Because protein confidence values are calculated from peptide confidence values and peptide confidence values do not change as peptides are assigned to proteins, the protein confidence values are dependent on the initial confidence values of the peptides. These initial peptide confidence values are based on a model for the relationship between the amount of evidence in data for a peptide and the probability of correctness of a peptide. In particular, in order to effectively resolve the peptide-to-protein paradox, the present invention first provides an accurate method for calculating peptide confidence values from a set of peptide-spectrum matches (PSM) obtained after searching against a target and a decoy protein database (concatenated or separated), wherein said PSMs are generated in a proteomics experiment in which one or more mass spectrometers that perform a plurality of scans of a sample produce a plurality of spectra and wherein a processor in communication with a target and a decoy protein database identify said set of PSM from the plurality of spectra. Once the set of PSM is generated, the peptide confidence values are obtained from a single ordered list of decoy and target peptides according to the score of their corresponding PSM, wherein for each peptide (target or decoy), the number of decoy peptides (d) with an equal or better score are counted and this number is divided by the total number of decoy peptides (D) to produce a p-value, wherein said p-value is essential in the present invention for later on calculating the protein confidence values and thus for constructing a protein probability model present in the sample.

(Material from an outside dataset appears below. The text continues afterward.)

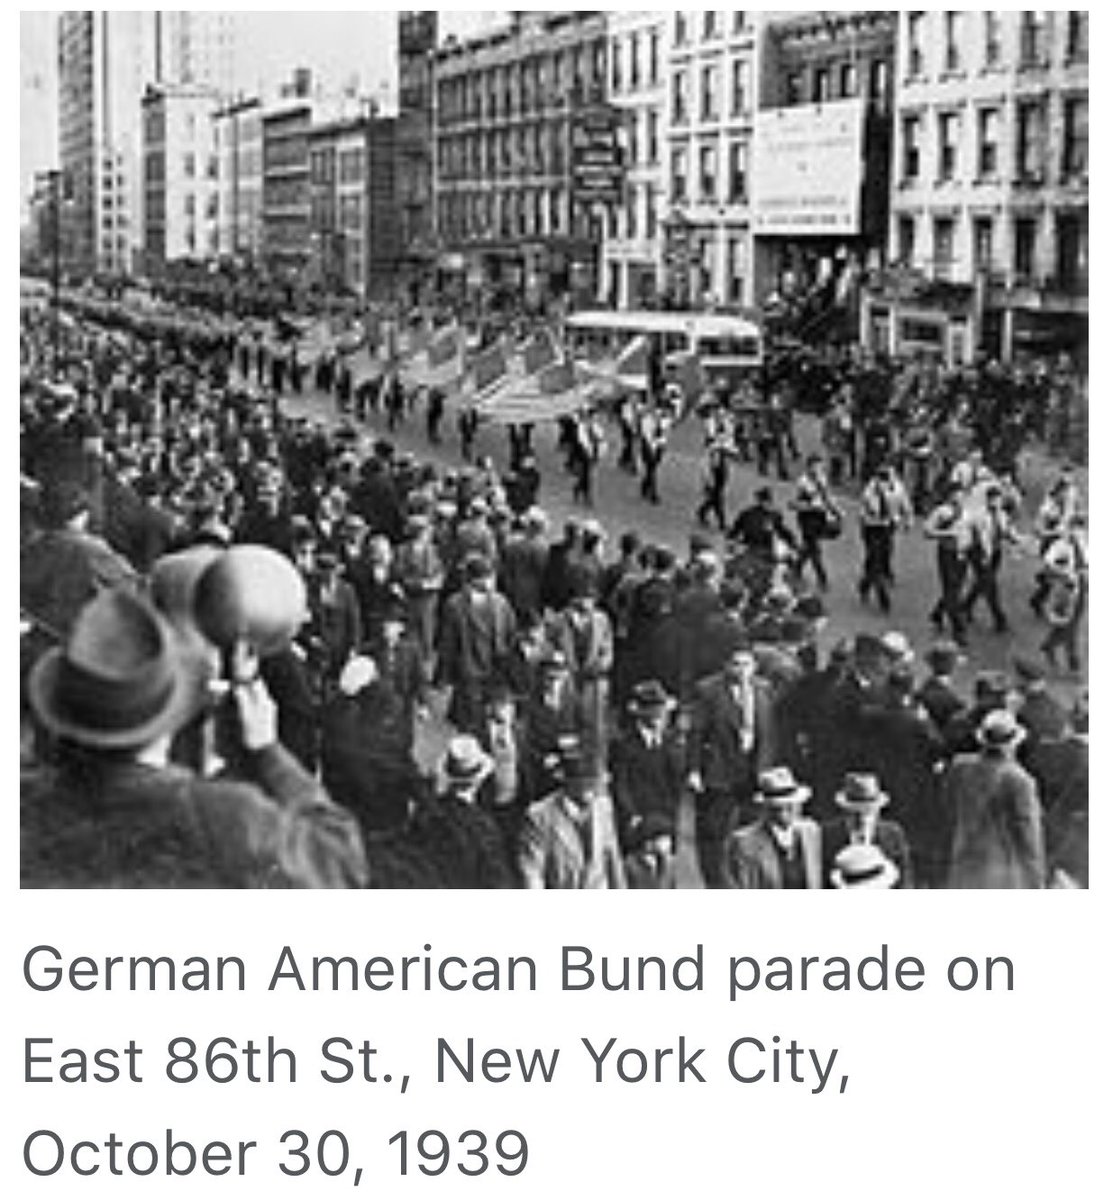 The Bund declared George Washington “the first Fascist”They claimed those who weren’t Christian were non-Aryan & inferior, were vehemently antisemitic, anti-Democrat & mocked president FDR.They held parades & swastika rallies shouting “heil Hitler”& ”America First” at rallies

It is herein noted that when a peptide is matched by several PSMs, the PSM with the best score should be selected.

Thus a first aspect of the invention, refers to a method for calculating peptide confidence values from a set of peptides obtained after searching against a target and a decoy protein database (concatenated or separated), wherein preferably, but not limited to, said peptides are identified in a proteomics experiment (or in a (biological) sample) in which one or more mass spectrometers that perform a plurality of scans of the sample produce a plurality of spectra and wherein a processor in communication with a protein and a decoy database identify said set of peptides from the plurality of spectra, characterized in that the method comprises: a. obtaining the best sequence candidate (or peptide) from each database per each MS/MS spectrum, according to the score obtained from the search engine, where the match between the best-scoring candidate and a MS/MS spectrum is called a peptide-spectrum match (PSM);

b. selecting the PSM with best score when a peptide is matched by two or more PSM, so that a peptide list is constructed from the matched peptides together with their corresponding best scores;

c. determining peptide p-values from the peptide list containing the set of peptide scores by producing a single ordered list of decoy and target peptides according to their scores, wherein for each peptide (target or decoy), the number of decoy peptides (d) with an equal or better score are counted up and this number is divided by the total number of decoy peptides (D) to produce a p-value p-value(peptidei) = d/D (1) or the cologarithm of the p-value (LP).

More specifically the method comprises calculating the peptide p-values from the set of peptides identified in a sample, by the following steps: i. MS/MS spectra obtained from the set of peptides from the sample are matched against a target and a decoy protein database, separately or in the form of a concatenated target and decoy protein database, and wherein the target database is characterized by having all the protein sequences that could be present in the sample, and the decoy database contains sequences that should not be detected, and wherein each of these matches is called a peptide-to-spectrum match (PSM), and a score is assigned to each PSM depending on the similarity between the MS/MS spectrum and the peptide; ii. generating a single ordered list of decoy and target peptides according to the score of their corresponding PSM obtained in step i); and iii. determining the peptide p-values from the peptide list generated in step ii) containing the set of peptide scores, wherein for each peptide (target or decoy), the number of decoy peptides (d) with an equal or better score are counted up and this number is divided by the total number of decoy peptides (D) to produce a p-value p-value(peptidei) = d/D (1) or the cologarithm of the p-value (LP).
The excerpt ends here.